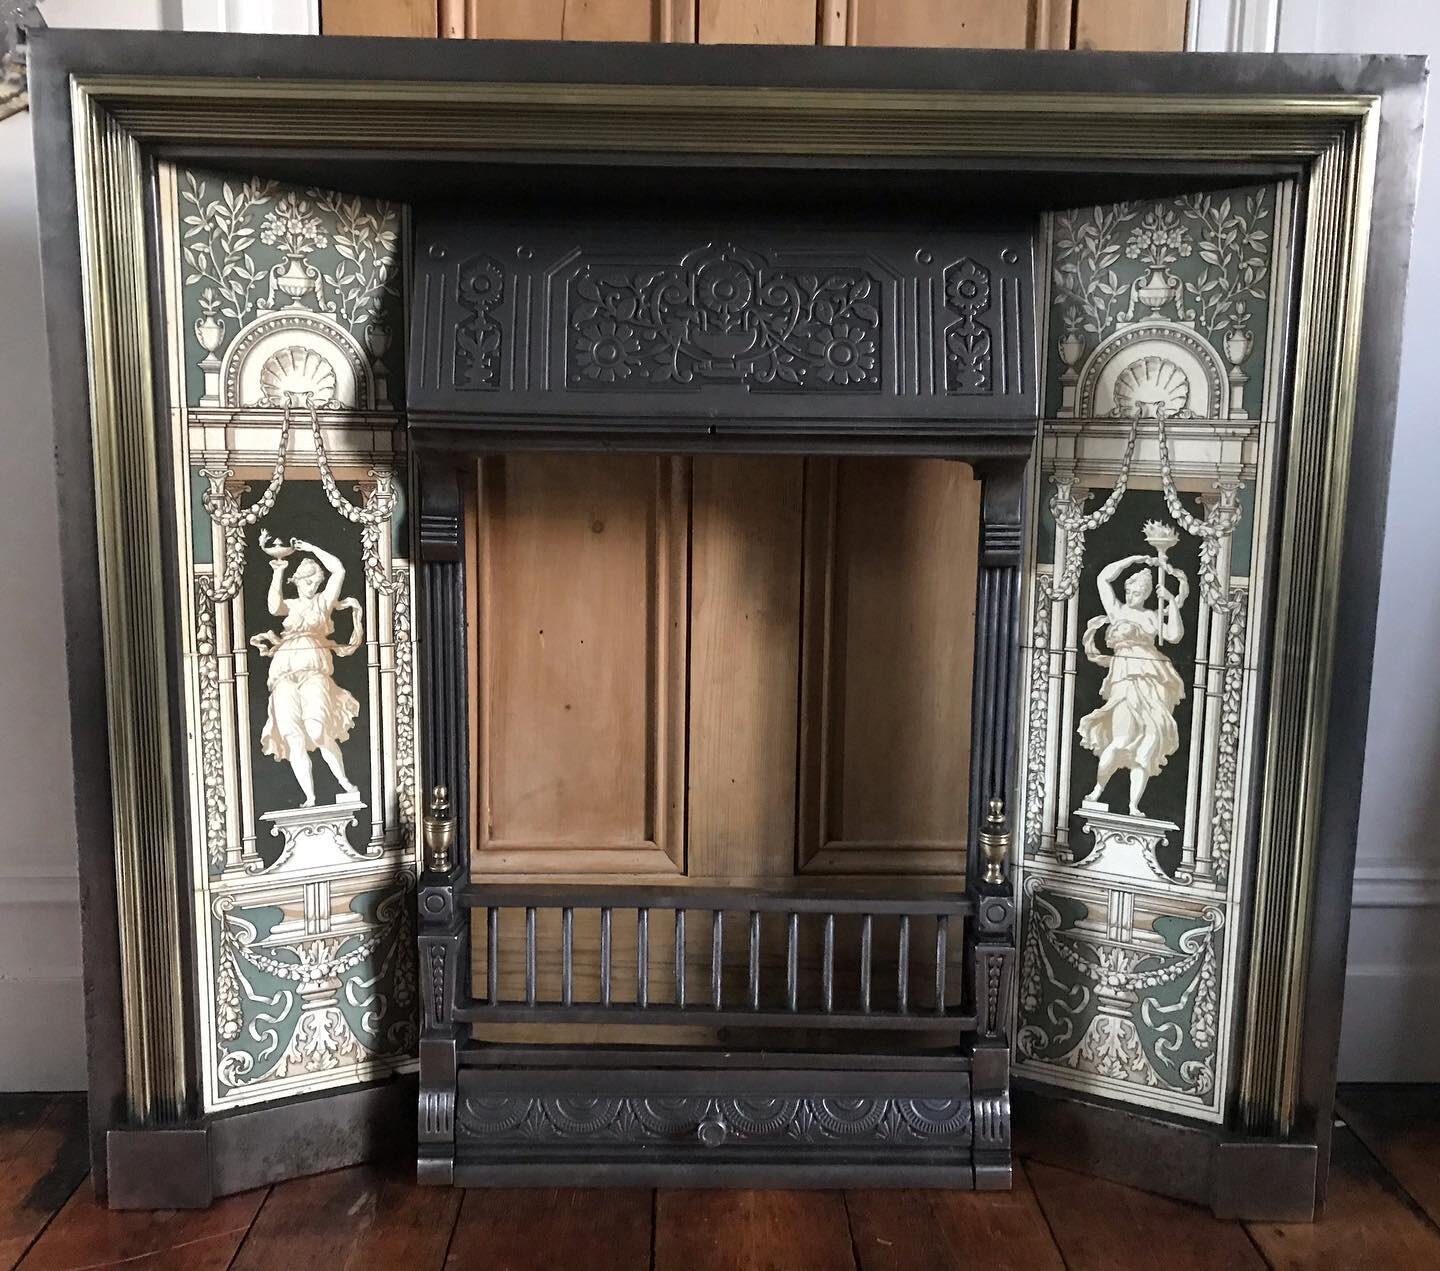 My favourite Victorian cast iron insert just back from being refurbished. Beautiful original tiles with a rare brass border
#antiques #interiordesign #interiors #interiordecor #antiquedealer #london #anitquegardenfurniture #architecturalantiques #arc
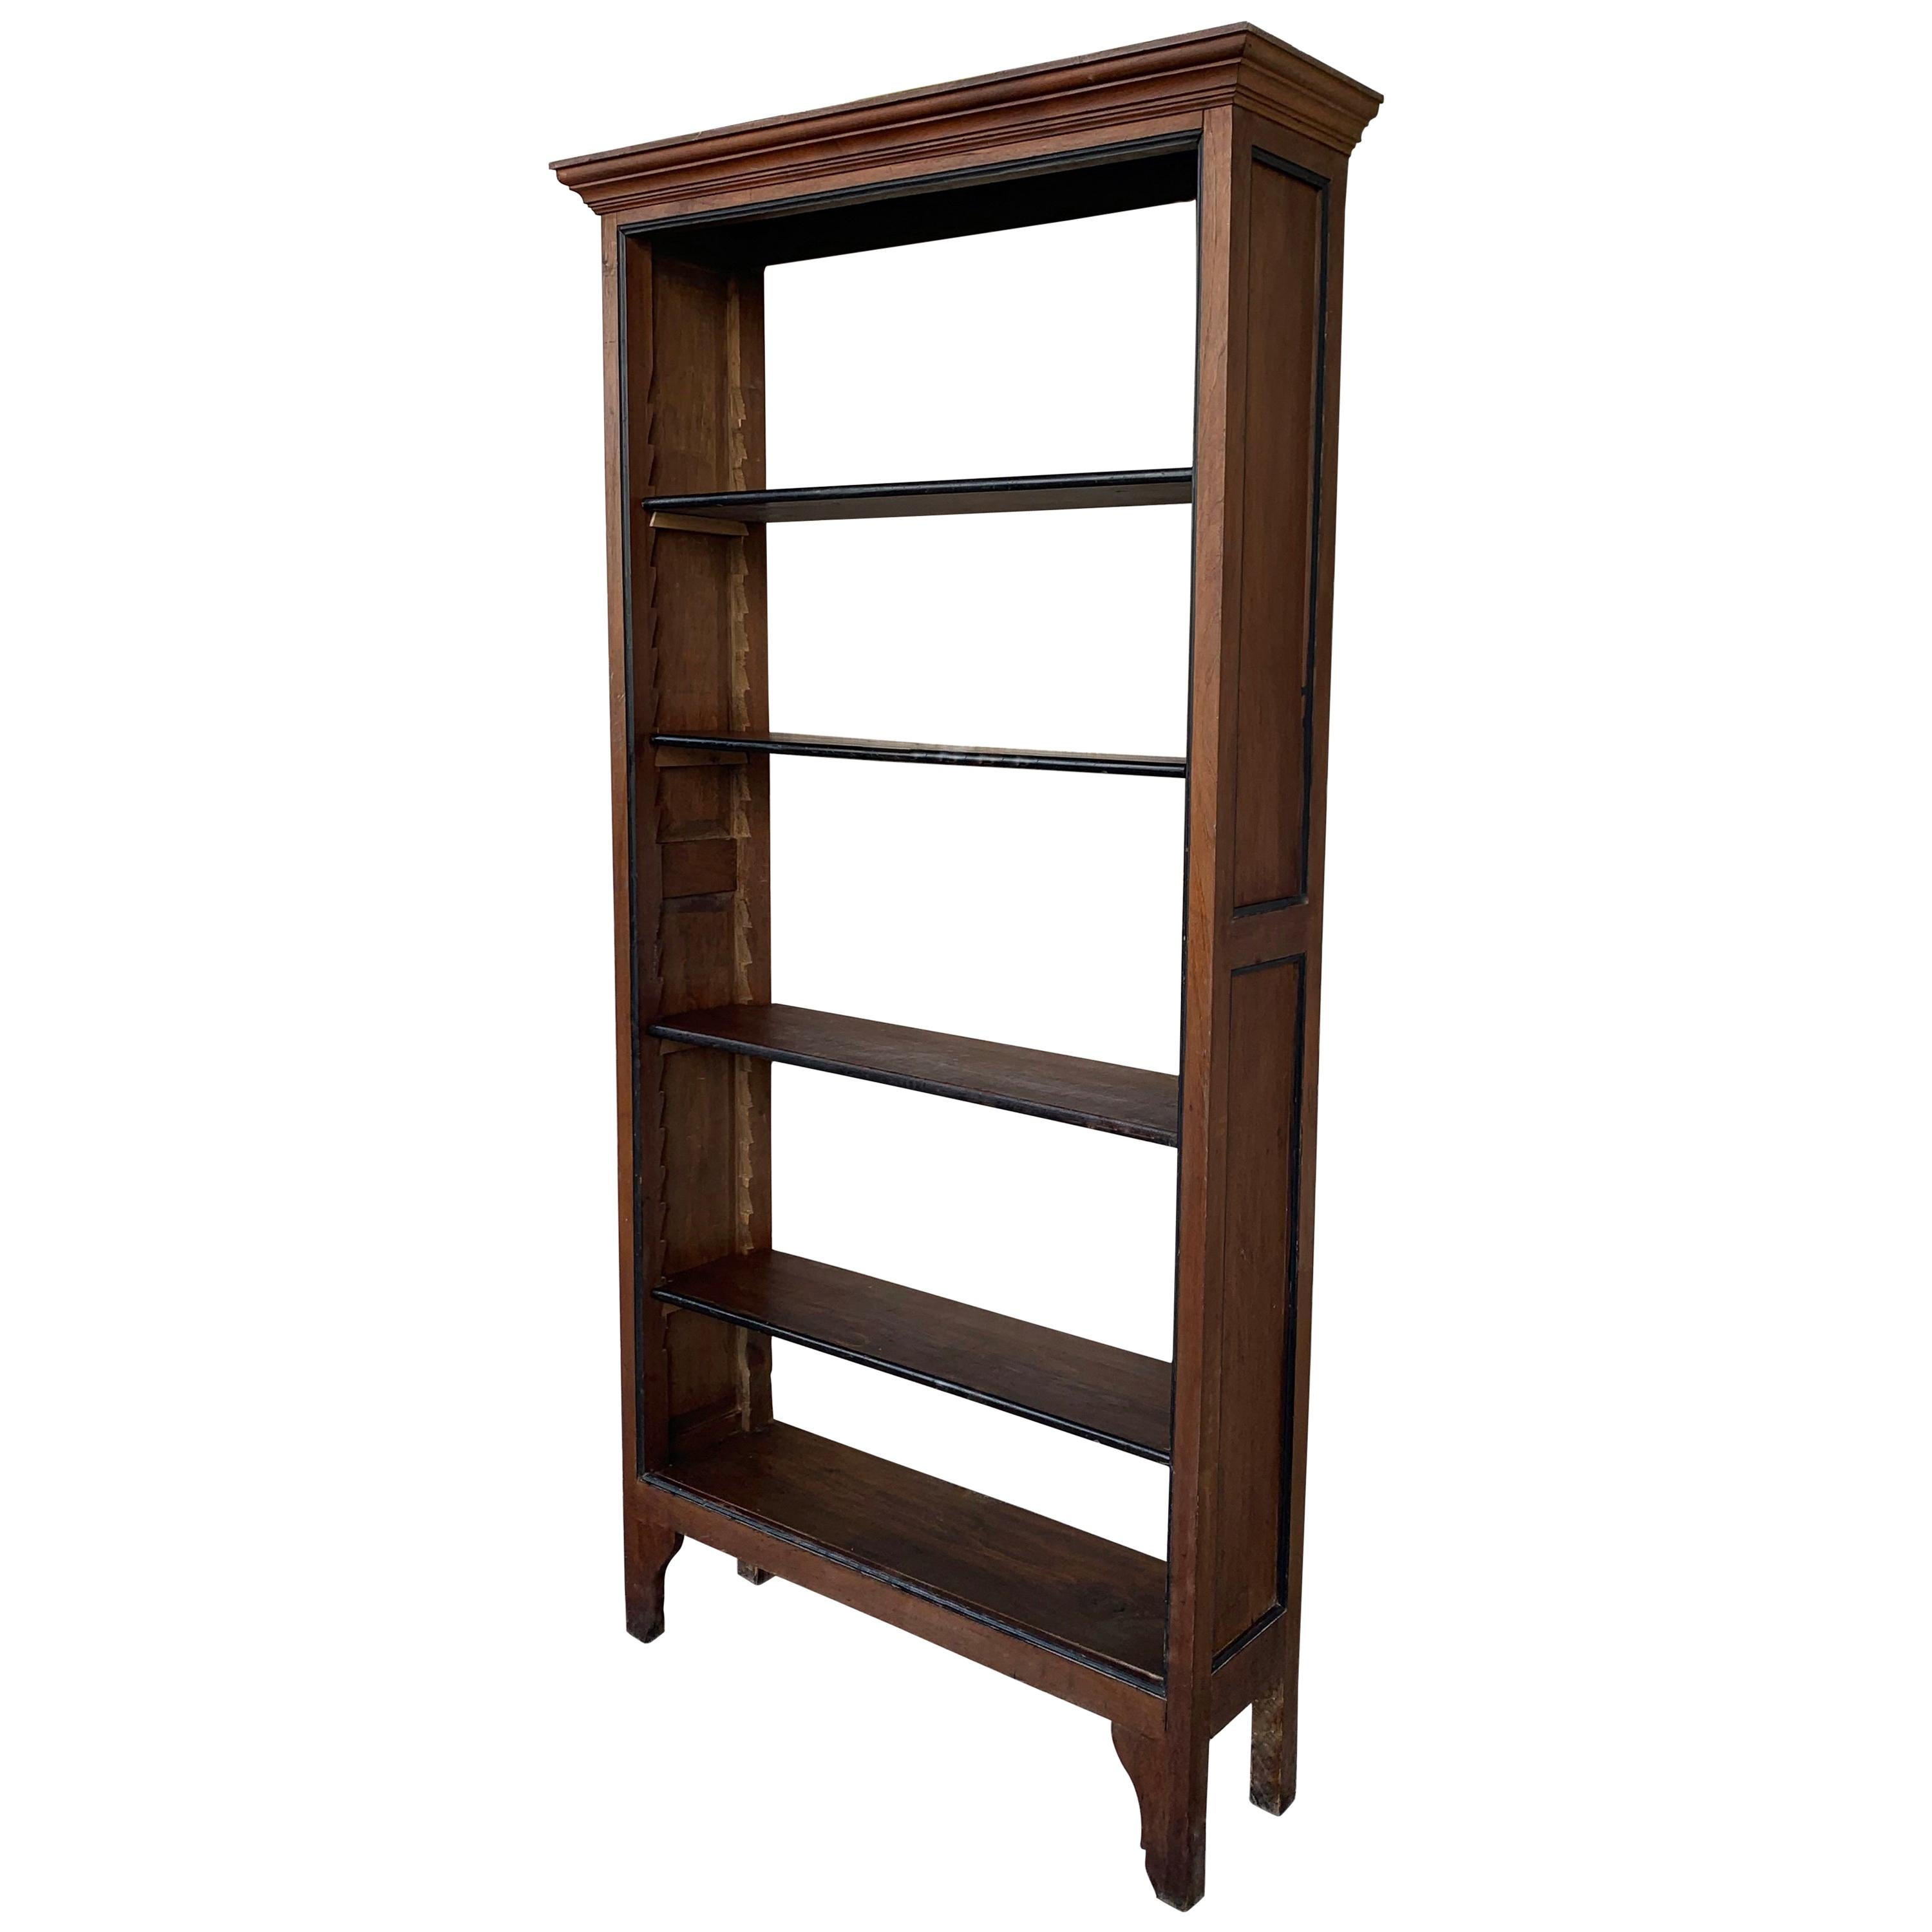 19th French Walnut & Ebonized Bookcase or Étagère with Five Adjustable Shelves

About this exercise: A word-for-word restatement of all the lines above is needed, with the pictures omitted.

Exercise answer:
 My favourite Victorian cast iron insert just back from being refurbished. Beautiful original tiles with a rare brass border
#antiques #interiordesign #interiors #interiordecor #antiquedealer #london #anitquegardenfurniture #architecturalantiques #arc
 19th French Walnut & Ebonized Bookcase or Étagère with Five Adjustable Shelves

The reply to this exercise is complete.